» PROBLEM:
Print the whole listing again exactly, keeping no pictures in it.

» EXERCISE DATA:
● ● ●
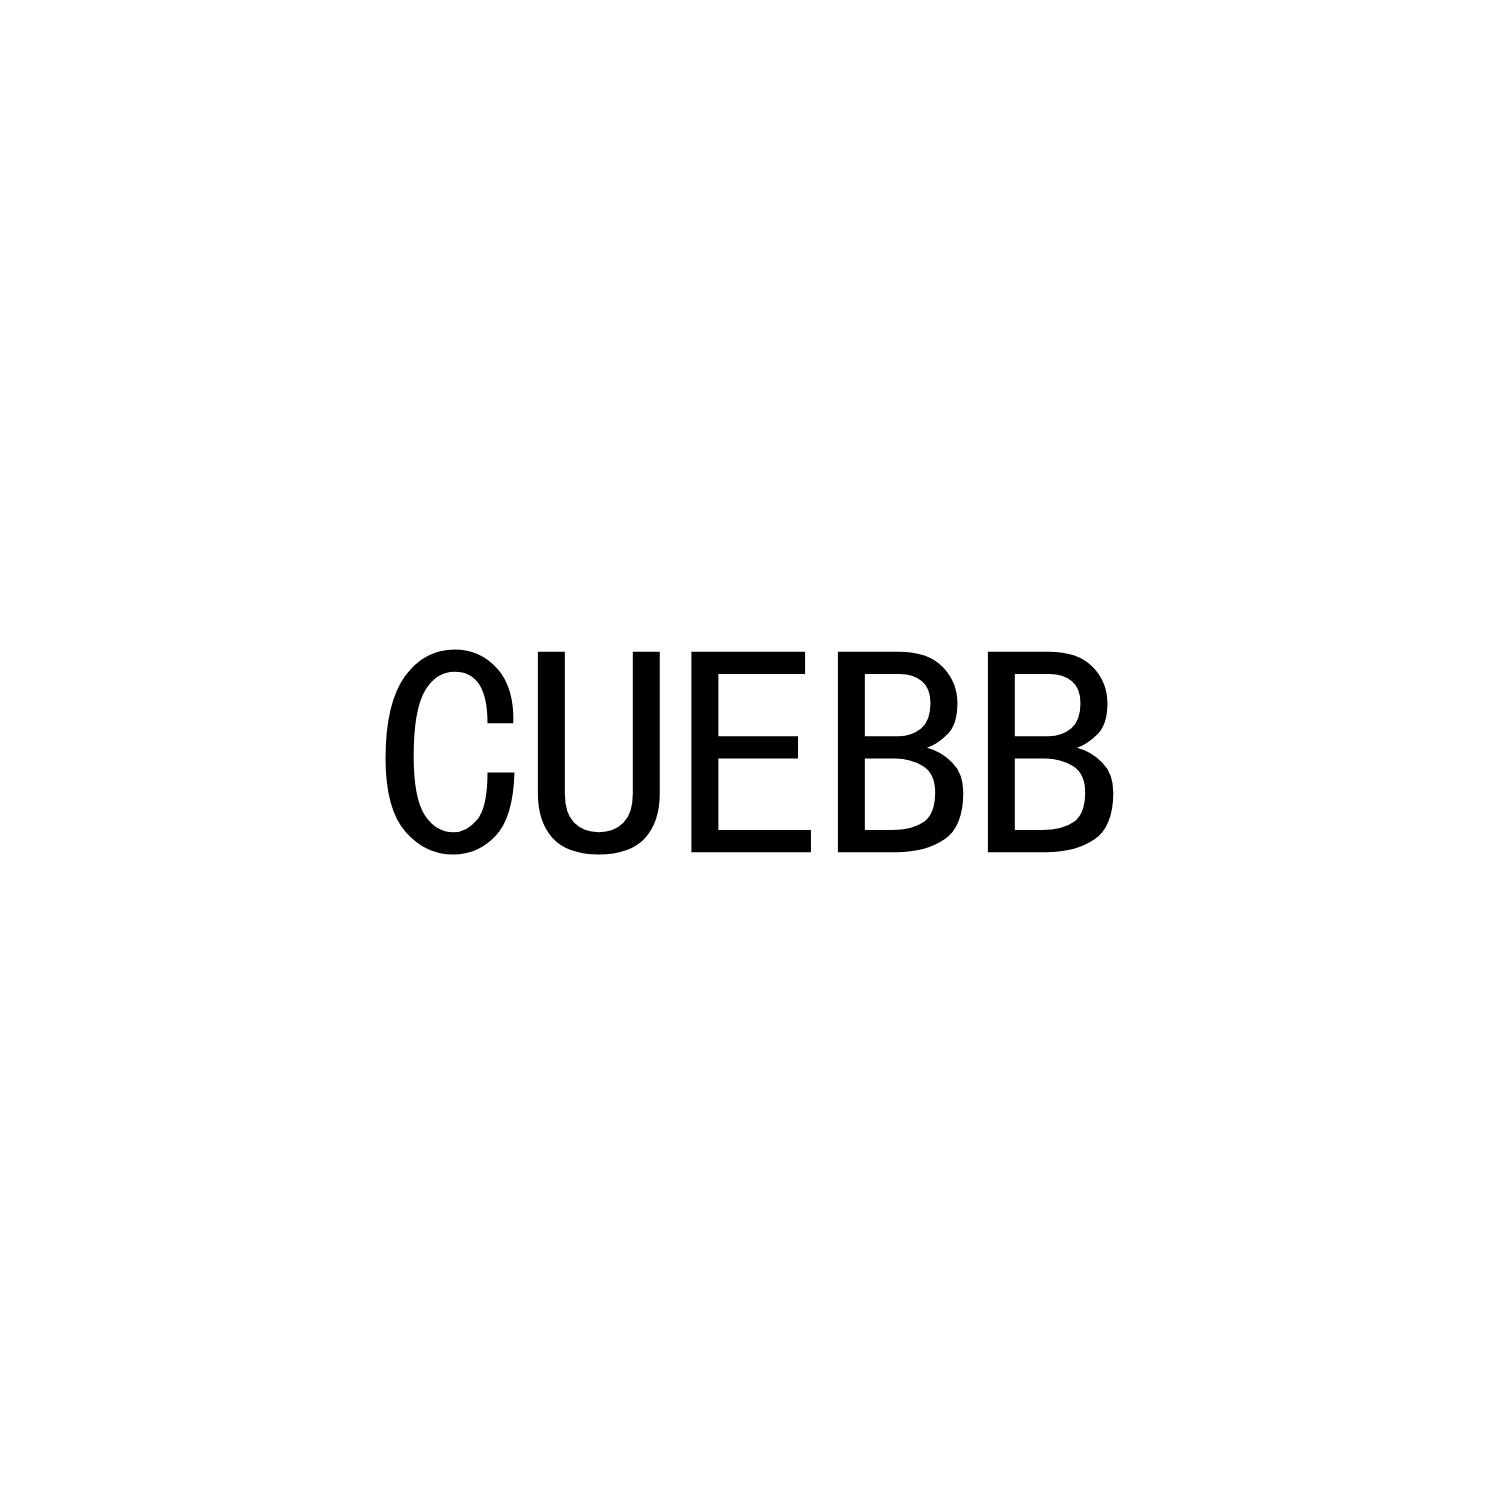 CUEBB商标转让
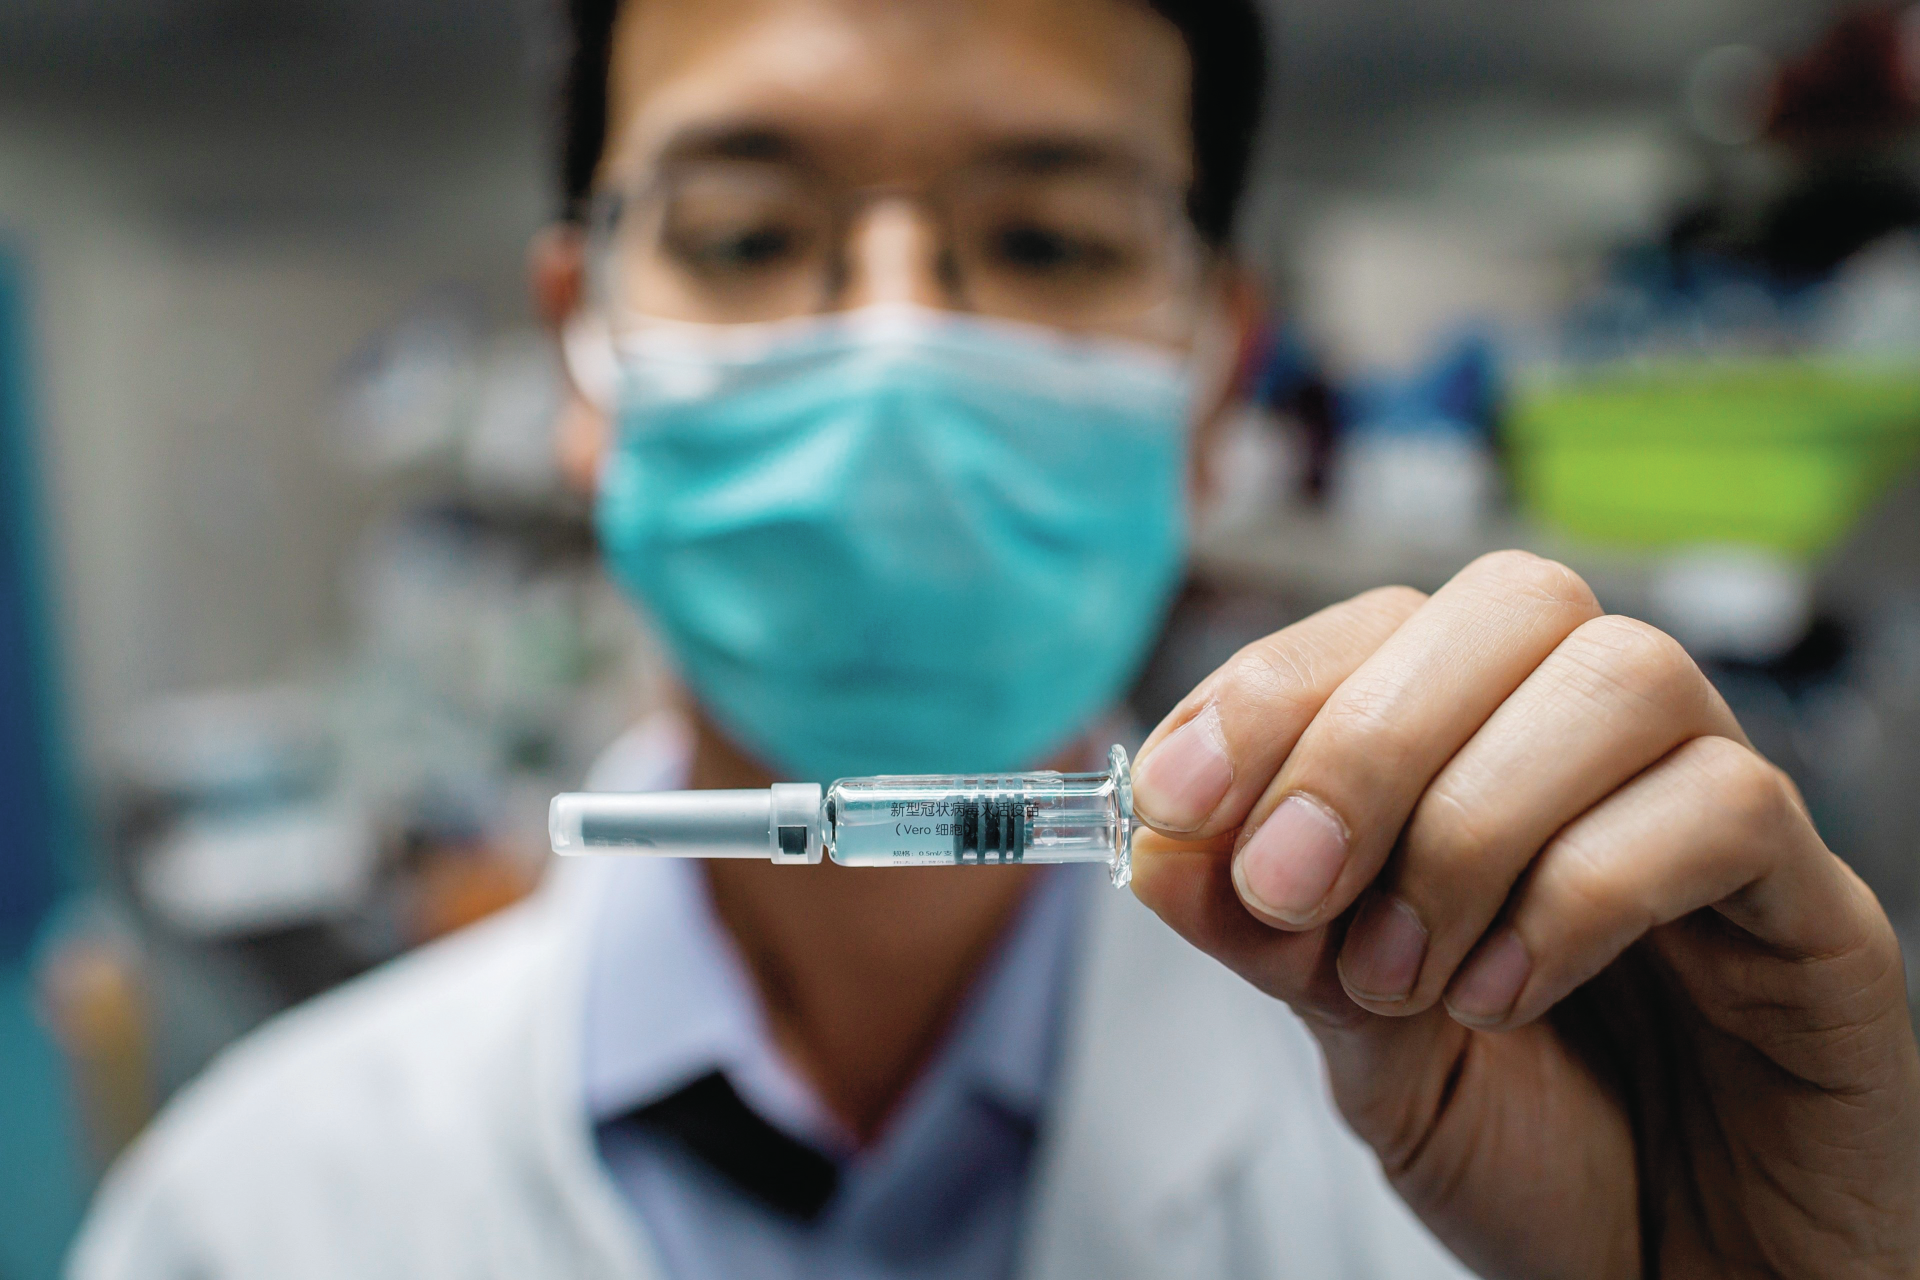 Levantamento de patente de vacinas salvaria milhões de vidas
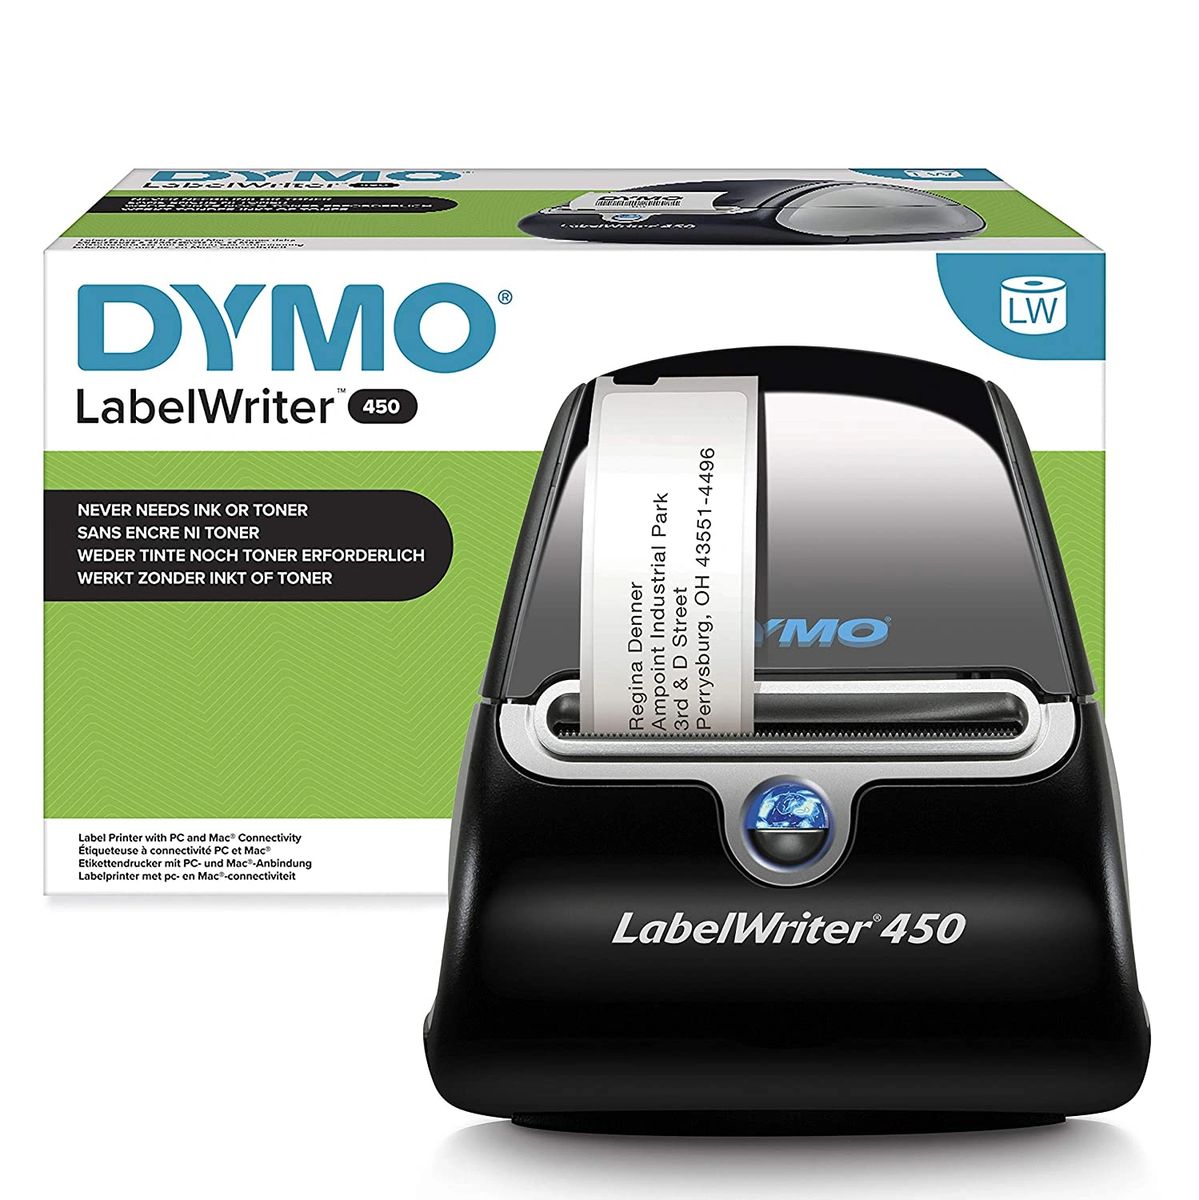 DYMO LabelWriter 450, Thermal Label Printer, Prints 51 Labels per
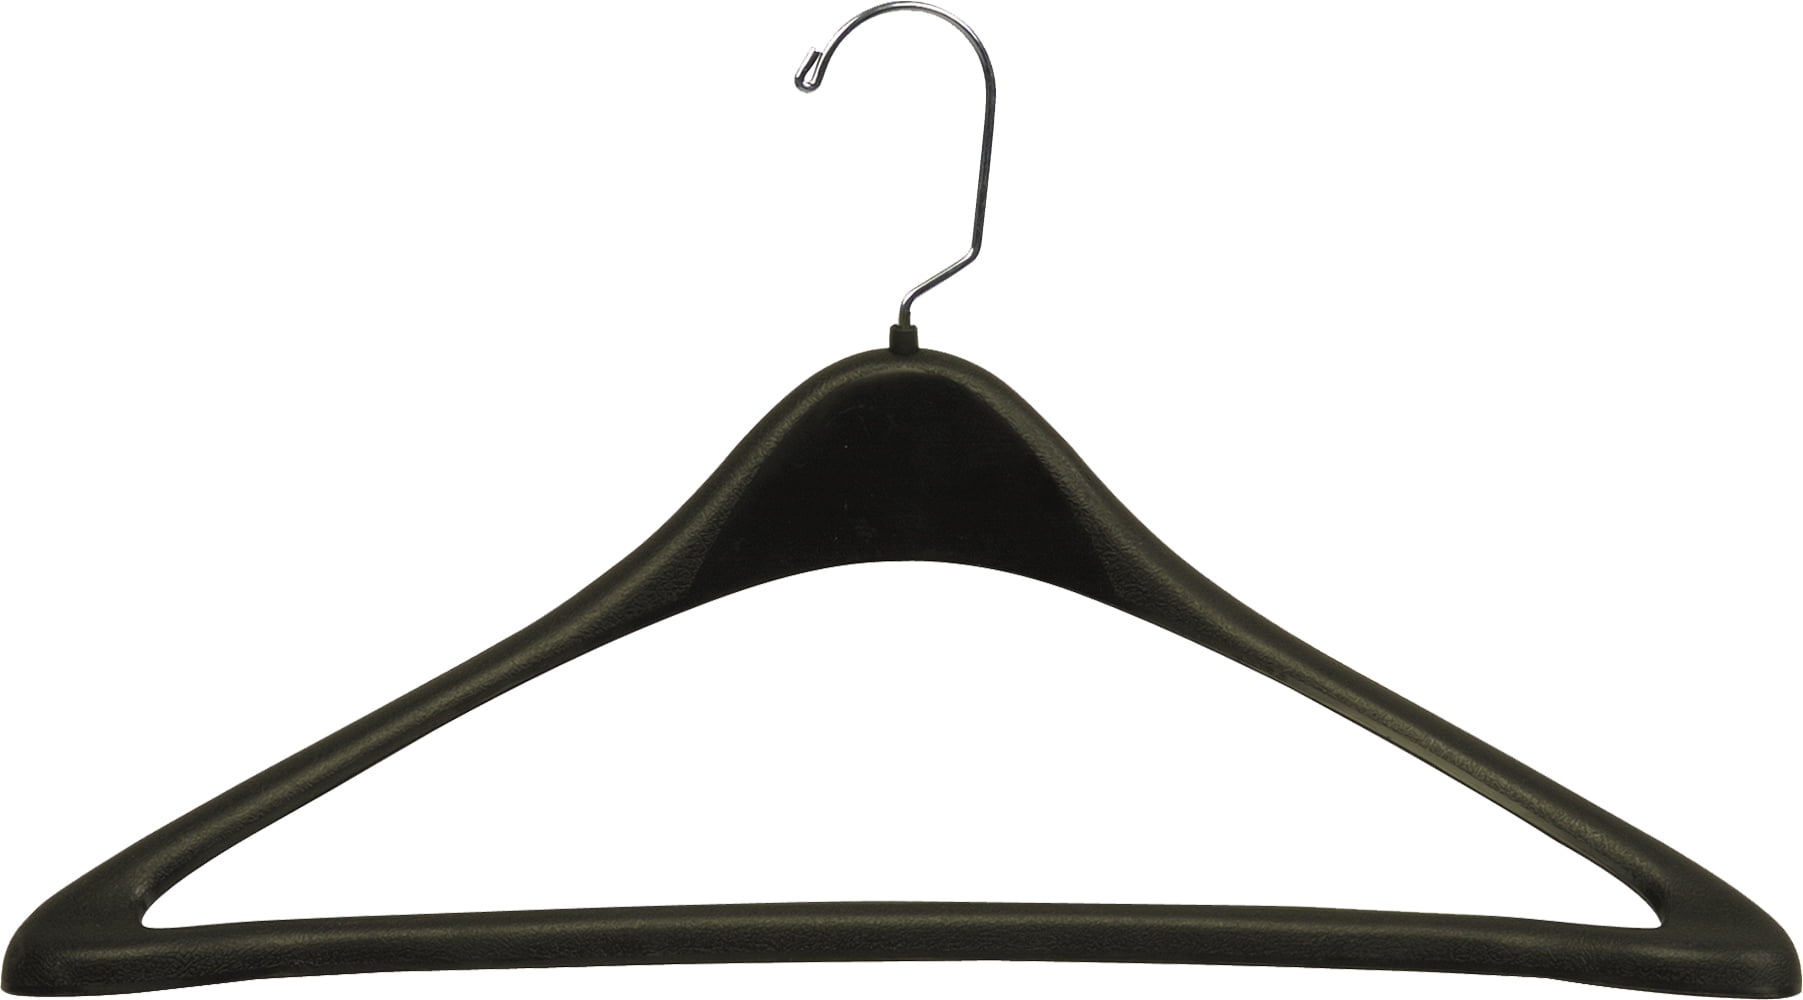 Standard Clothing Hangers HOUSE DAY Black Plastic Hangers,50 Pack Plastic Clothes Hangers for Skirt Suit Coat
● ● ●
» OUTPUT:
 CUEBB商标转让
 Levantamento de patente de vacinas salvaria milhões de vidas
 DYMO LabelWriter 450, Thermal Label Printer, Prints 51 Labels per
 Standard Clothing Hangers HOUSE DAY Black Plastic Hangers,50 Pack Plastic Clothes Hangers for Skirt Suit Coat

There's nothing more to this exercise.